Jennifer M. Barker

 

On her book The Tactile Eye: Touch and the Cinematic Experience

Cover Interview of December 10, 2009

In a nutshell

In Michel Gondry’s The Science of Sleep (2006), Gael García Bernal plays a frustrated artist with a penchant for quirky handmade objects and stop-motion animation who falls in love with an artsy woman.  He explains, “I love her because she makes things with her hands. It’s as if her synapses were married directly to her fingers. Like this,” he says, staring at his own waggling fingers in amazement, “in this way.”

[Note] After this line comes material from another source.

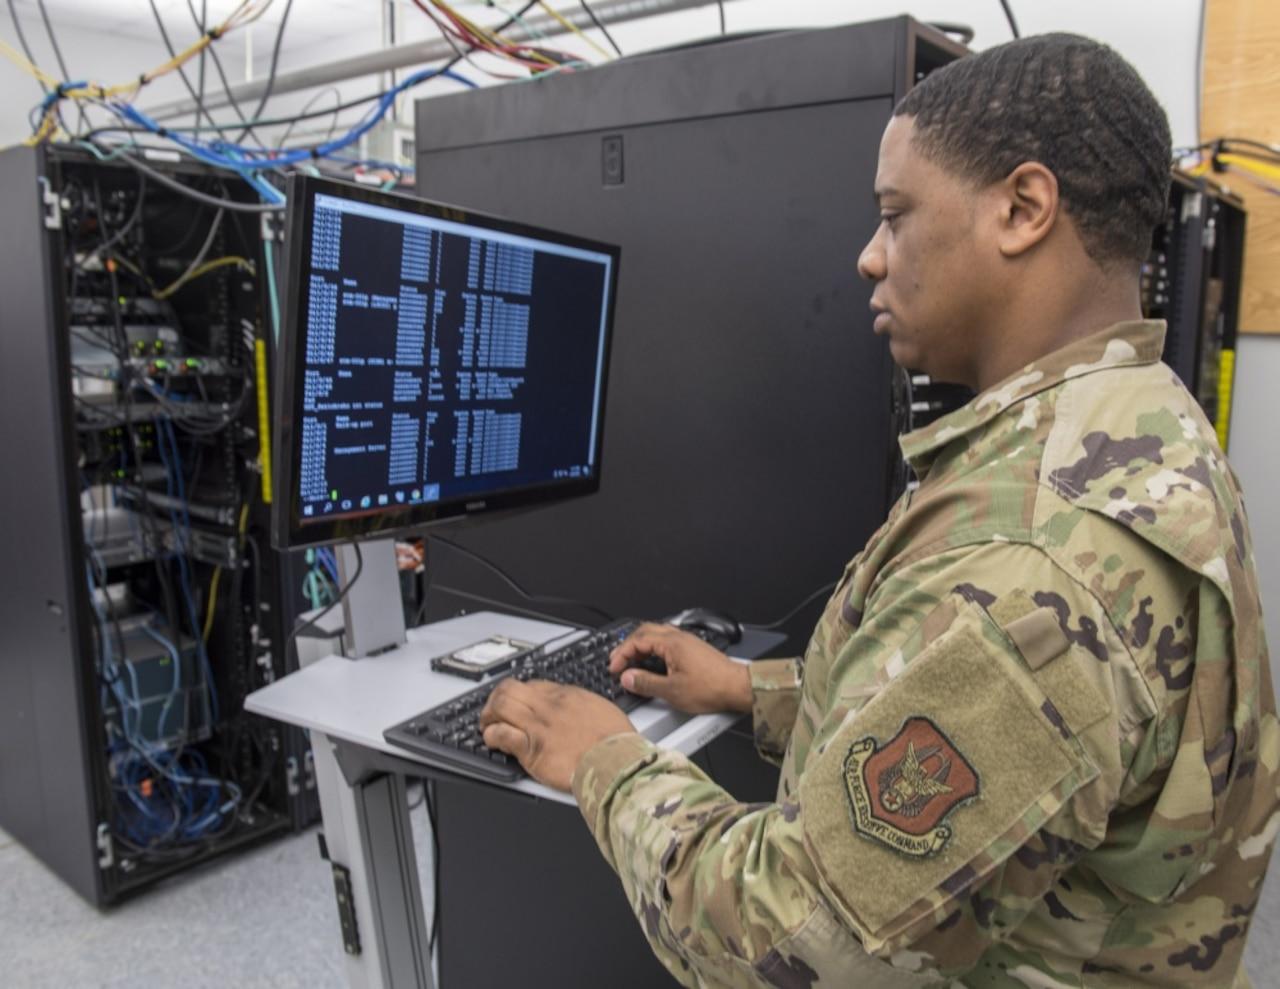 Service member monitors cyber threat.

That line perfectly describes the spectator—not just of this film but also of moving pictures in general.  I argue that synapses and fingers are married (as are mind and body, and vision and touch more generally) in the experience of cinema.  I also argue that to think, to speak, to feel, to love, to perceive the world and to express one’s perception of that world are not solely cognitive or emotional acts taken up by viewers and films, but always already embodied ones that are enabled, inflected, and shaped by an intimate, tactile engagement with and orientation toward others—things, bodies, objects, subjects—in the world.  If these things are married in the experience of cinema, then this book describes exactly how so: “like this, in this way.”

That the film experience is a tactile one is without doubt; one need only chat up one’s fellow audience members to hear an action film described as a “visceral rush,” or an art film described as “lush” or “sensuous.”  But how does one reconcile sensuous film experience with film theory?  My answer was to design a book that is itself a tactile experience.  I employ a descriptive vocabulary and method, infused with the sensuousness of the everyday, embodied film experience, in a study organized not around historical periods, genres, or modes of production, but around bodily dimensions, sensations, rhythms, and gestures.

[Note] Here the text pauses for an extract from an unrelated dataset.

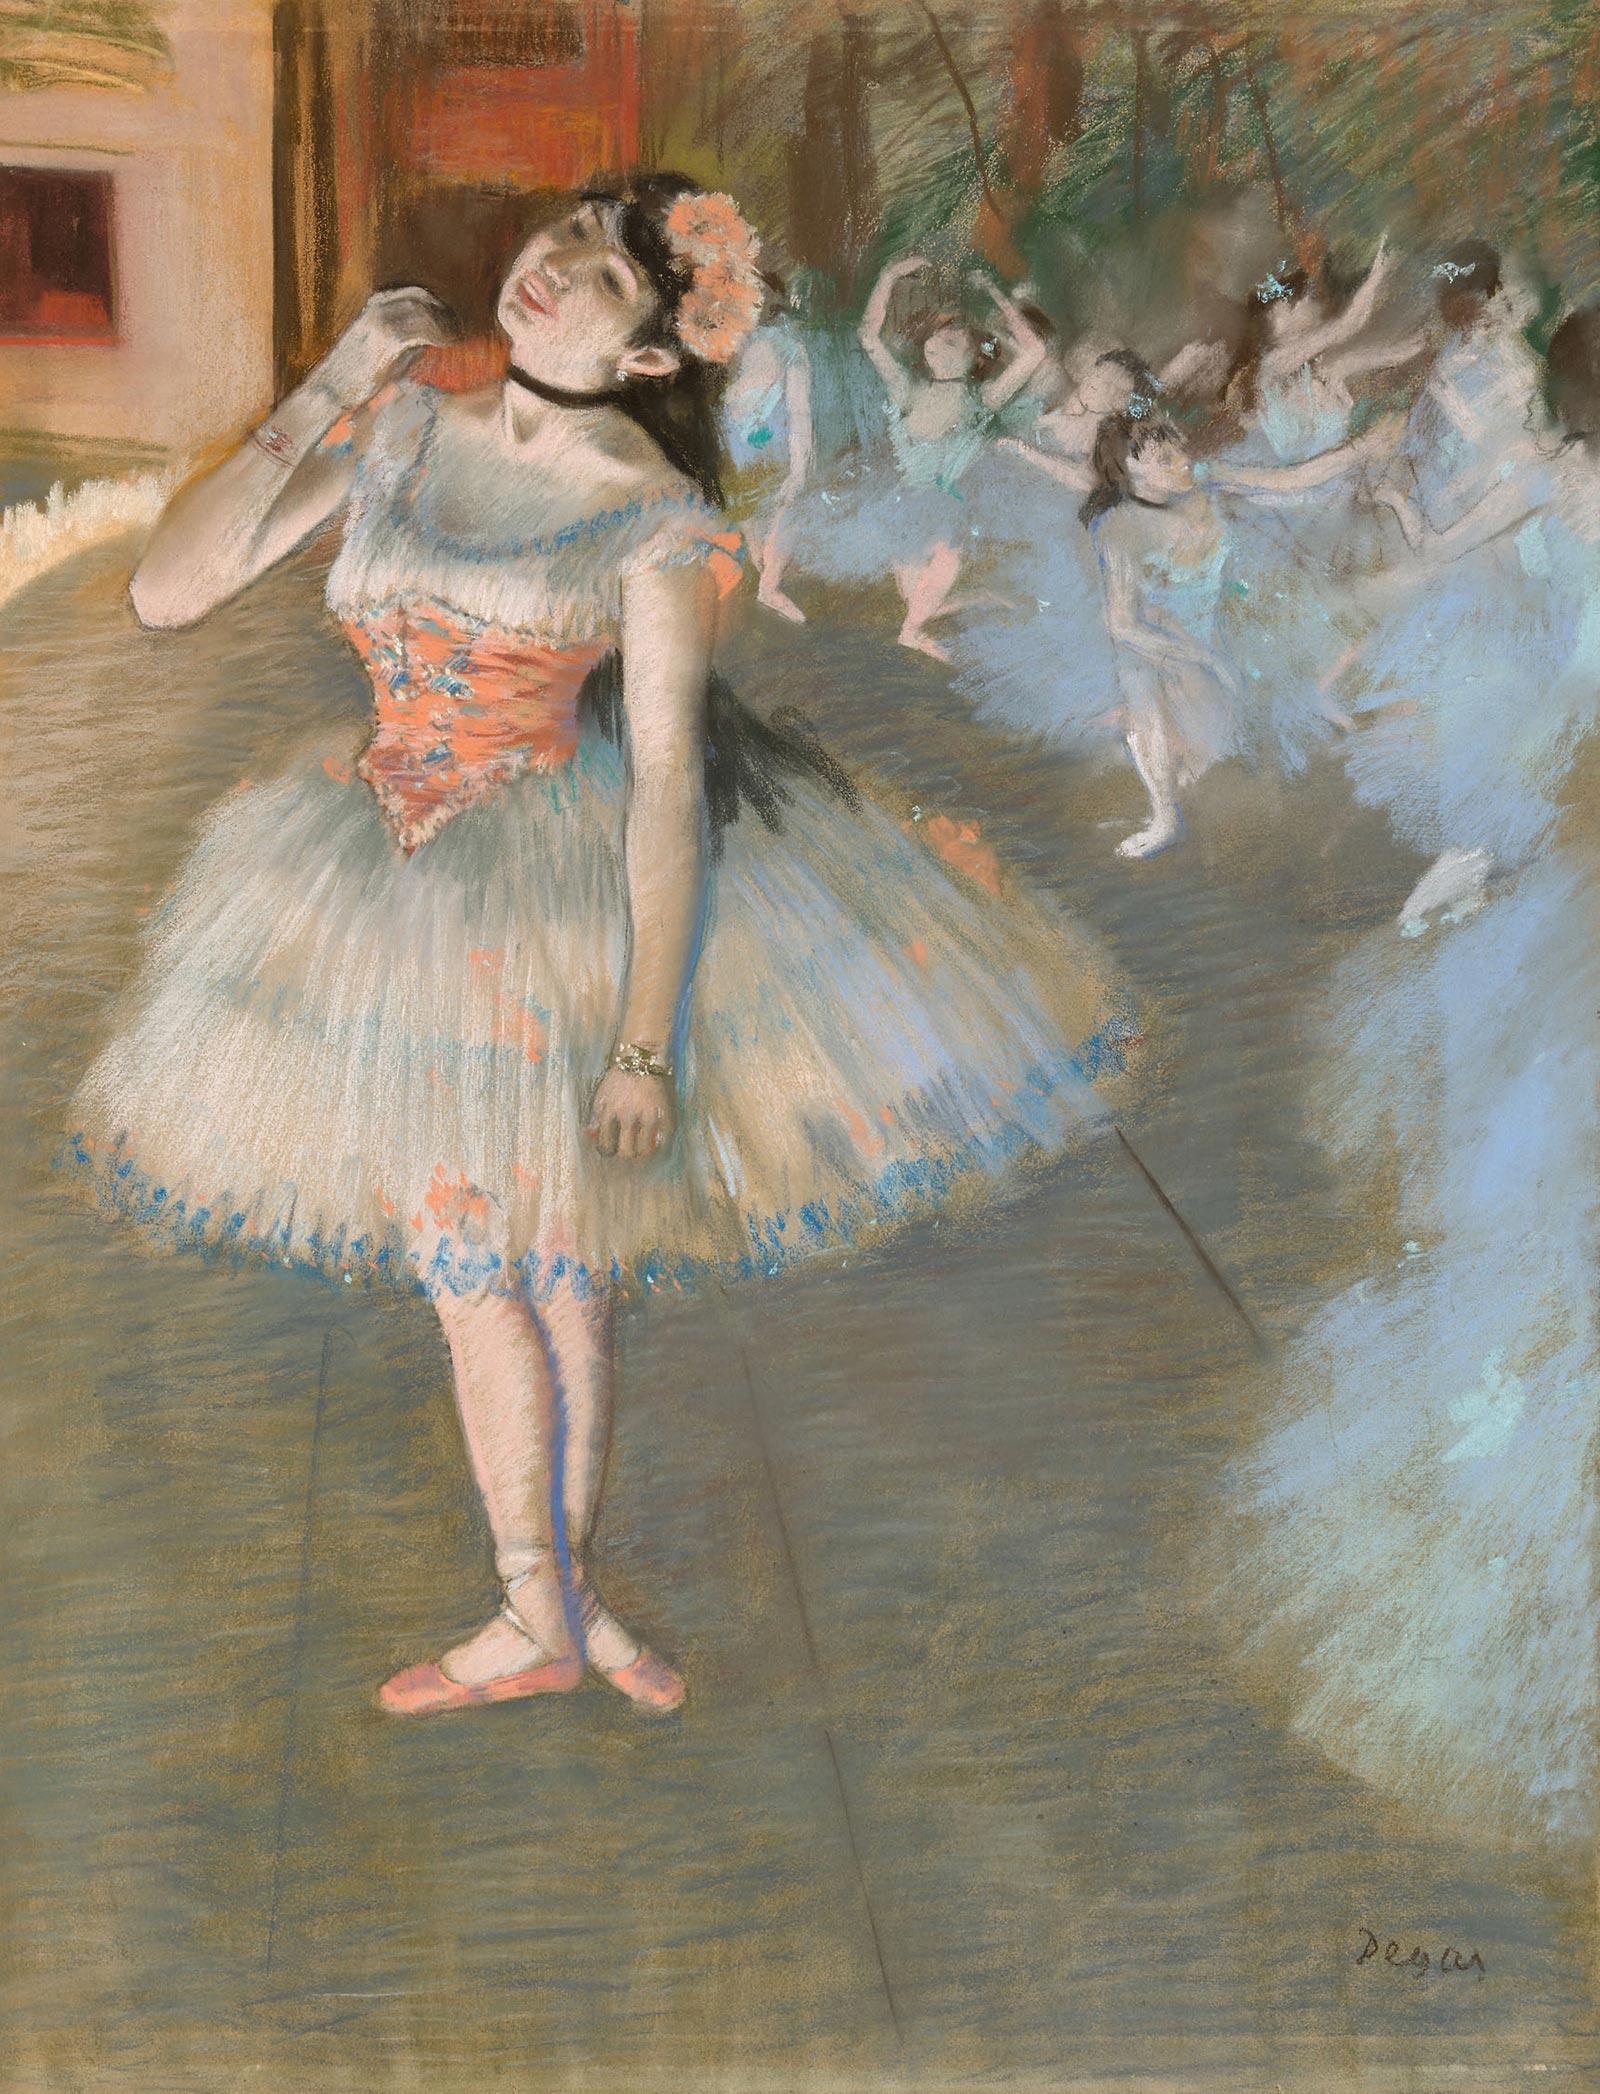 File:Edgar Germain Hilaire Degas 009.jpg - Wikimedia Commons

Throughout the project, I describe “touch” in a way that extends beyond the fingers and the skin.  The book’s three central chapters explore three locales that I argue are lived both humanly and cinematically: the skin, the musculature, and the viscera.  These categories guide us through a complicated terrain, but their boundaries are pliable and permeable.  Sensations and behaviors constantly bleed, vibrate, dissolve, spread, cut, or muscle their way from one dimension into the next.

I explore these dimensions of tactility through a series of brief but detailed readings of specific films, which I call “textural” (rather than “textual”) analyses.  I cover a wide range of genres, nations, and directors, juxtaposed in unpredictable ways—Buster Keaton and Wile E. Coyote share the space of a few pages, as do Eraserhead and Toy Story—that elicit underlying haptic, muscular, and visceral patterns shared by film and viewer and that offer a useful approach for the study of other film experiences.